Apple Genome v1.0 Frequently Asked Questions
Table of Contents
- Why are there no sequences for each chromosome?
- What is the easiest way to get a sequence for a few contigs?
- How do I open the files for download on the apple genome project page?
- What is the difference between the consensus gene set and alternate gene set?
The Malus x domestica genome is heterozygous and during assembly reads from various haplotypes assembled together into different overlapping contigs. Rather than pick-and-choose one haplotype over another to form a consensus sequence the contigs have been organized into clusters (metacontigs) which in turn have been aligned to the chromosome using markers from the genetic map. Therefore, providing the genome in terms of ordered contigs preserves the haplotype information inherent in the sequences. More information about the assembly process can be found in the whole genome publication and its supplemental material.
A complete FASTA file of contig sequences can be obtained from the Apple Genome v1.0 Page here on GDR. The contigs of interest can be extract from this file. However, GBrowse may be used to extract a few sequences one at a time. To use GBrowse to obtain a sequence, first search for the contig of interest using the Search box labeled as 'Landmark or Region'. Next, click the contig. A new page or tab will open containing a small description for the contig follwed by the FASTA formatted sequence.

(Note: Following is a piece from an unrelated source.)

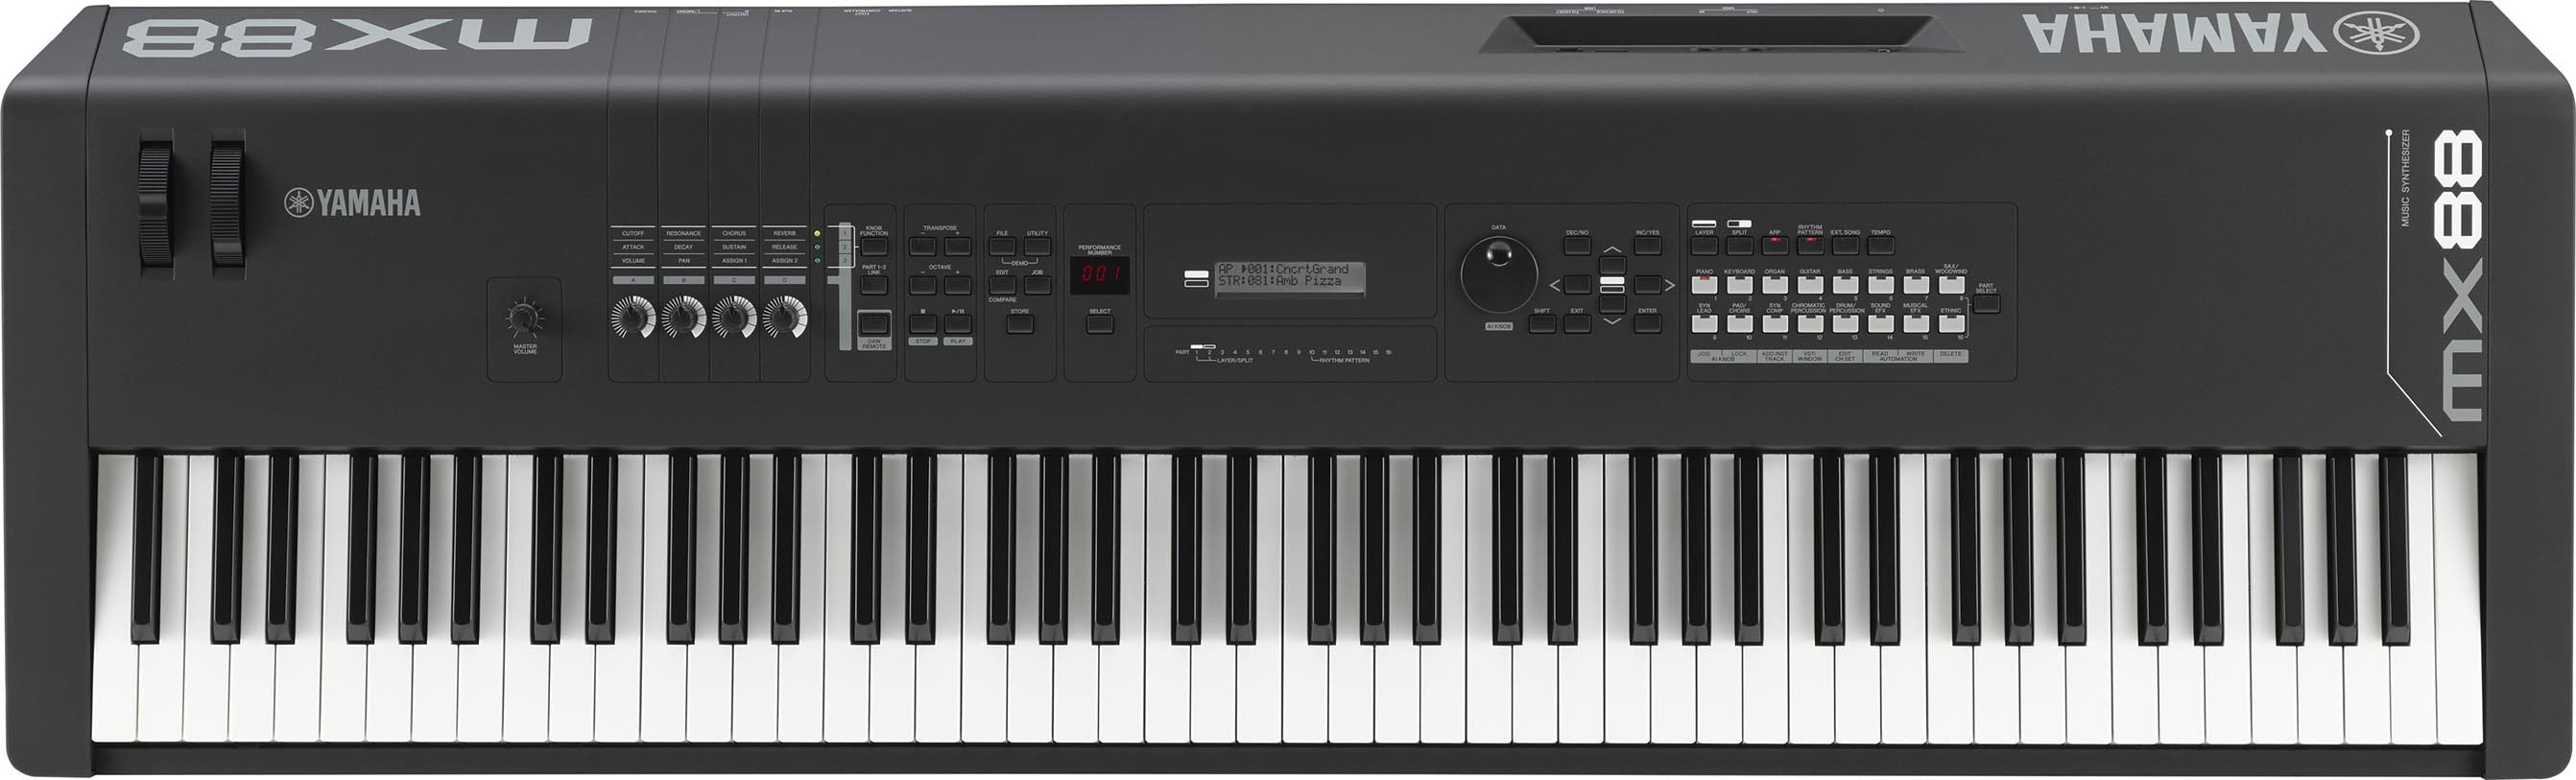 Clavier numérique 88 touches 128 rythmes et notes interface MIDI

After downloading and uncompressing the files available on the apple genome project page, the files have various extensions such as '.nuc', '.gff' and others. All of these files, with the exception of the Excel files are plain text and can be opened by any text editor. Due to differences in the way UNIX and Windows operating systems store plain text, the files may not display properly using the 'notepad' program in Windows. However, any other text editor, in Windows including WordPad should open the files. Files with extension '.nuc' and '.pep' are FASTA files with nucelotide and protein sequences respectively. Files with a 'gff' or 'gff3' extension are in GFF format.
As explained in the 'Gene' sub-page of the genome page, gene models were predicted on the assembly contigs using various gene prediction tools such as Glimmer, FGENESH, Genewise, GMAP and Twinscan. A final consensus gene set was constructed using evidence derived from all of these gene prediction tools. Alternate genes sets include all the genes from the individual gene prediction tools. The supplemental data for the Apple Genome publication provides a better descriptions for how gene models were constructed.